PROVIDED DATA
== Segment start ==

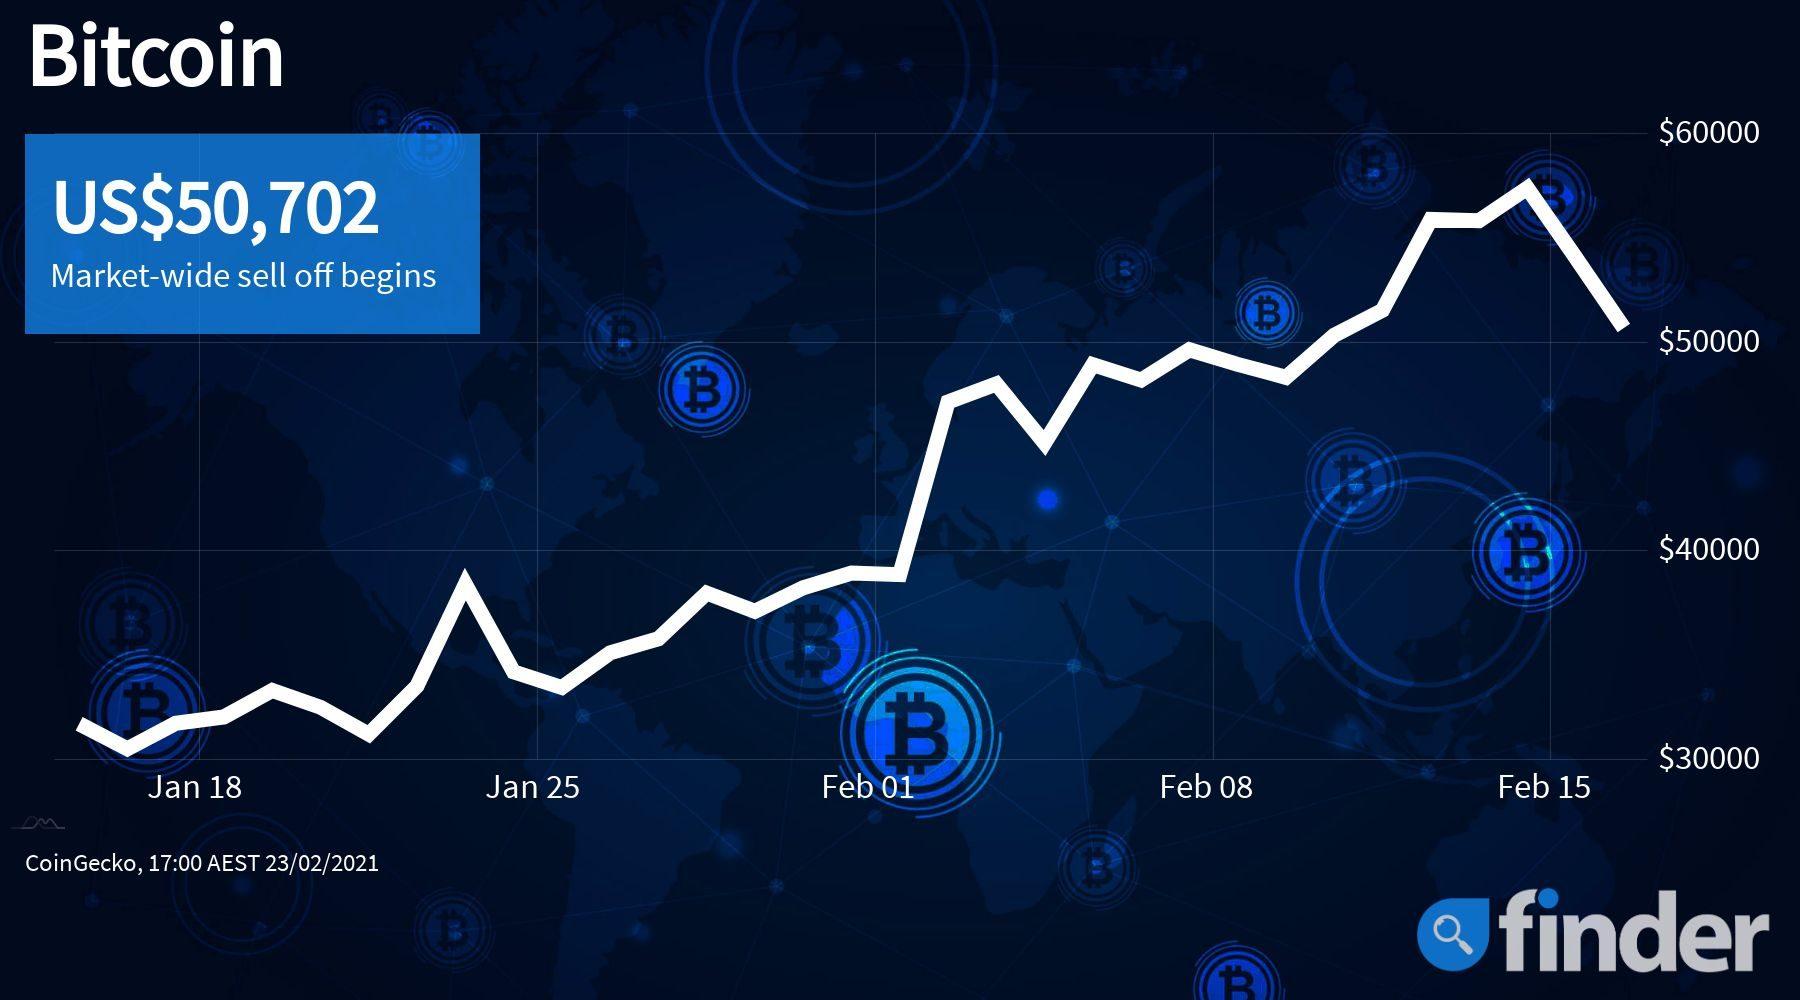 bitcoinprice23feb_1800x1000_finder
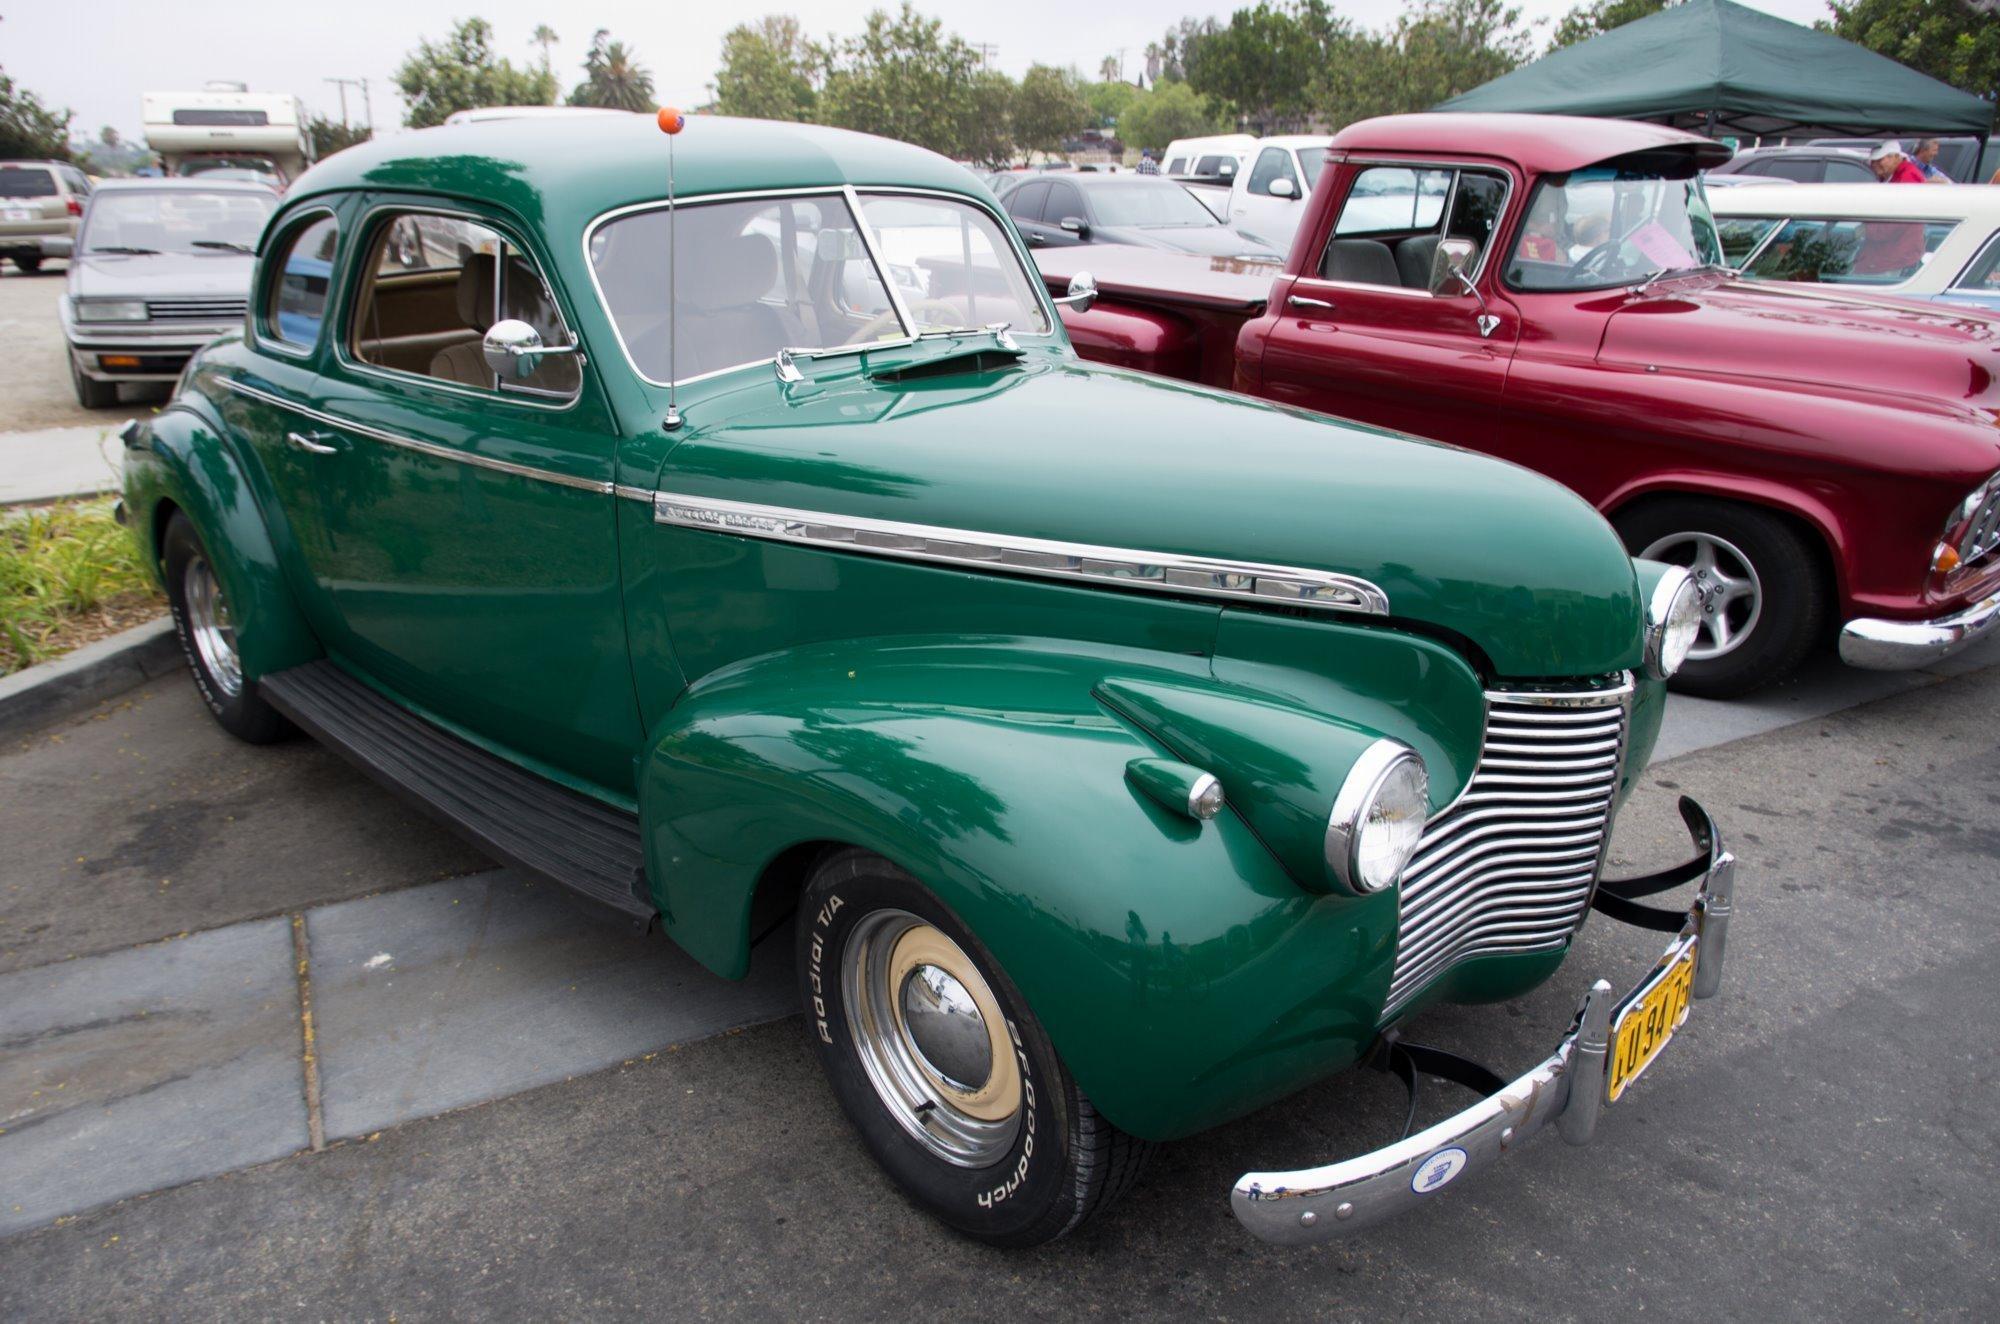 More cars  Vista Part 1 - PentaxForums com
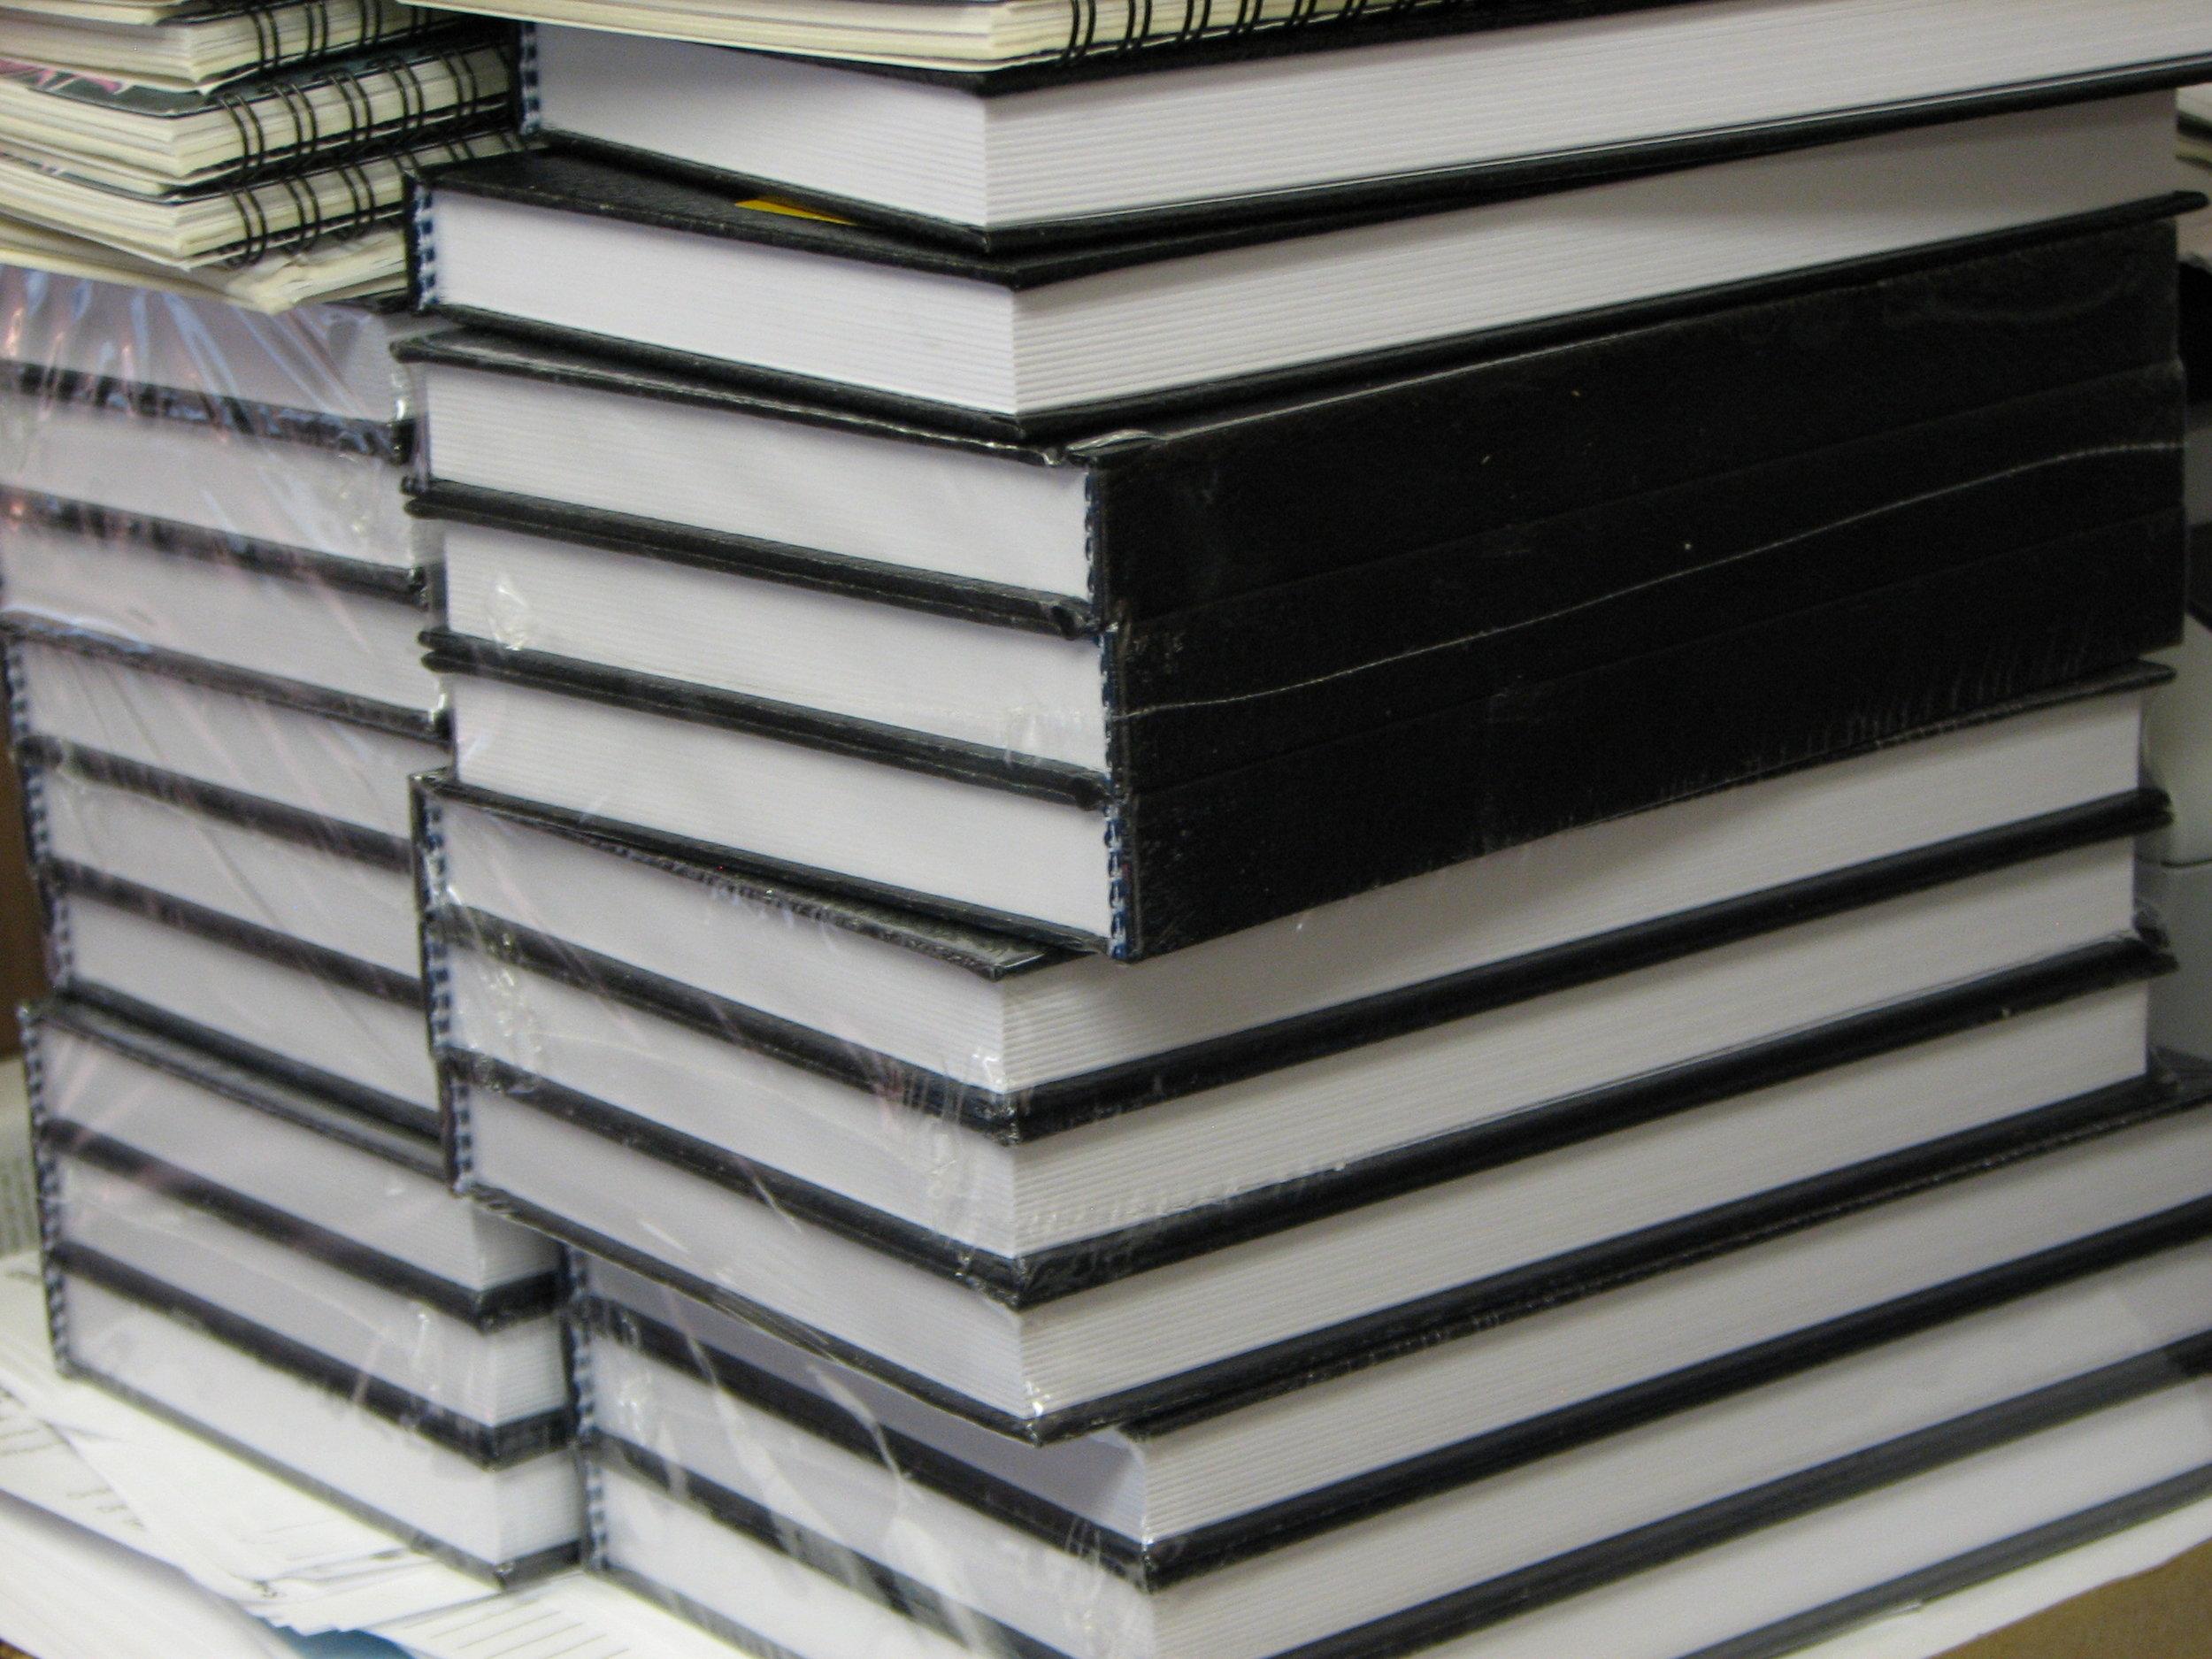 Hard cover sketchbooks and Hard cover spiral bound sketchbooks

== Segment end ==

WHAT YOU HAVE TO DO
Beginning with the line that contains "- PentaxForums com" and ending with the last line of the data above, output those lines exactly and nothing more, without any pictures.

ANSWER BELOW
 More cars  Vista Part 1 - PentaxForums com
 Hard cover sketchbooks and Hard cover spiral bound sketchbooks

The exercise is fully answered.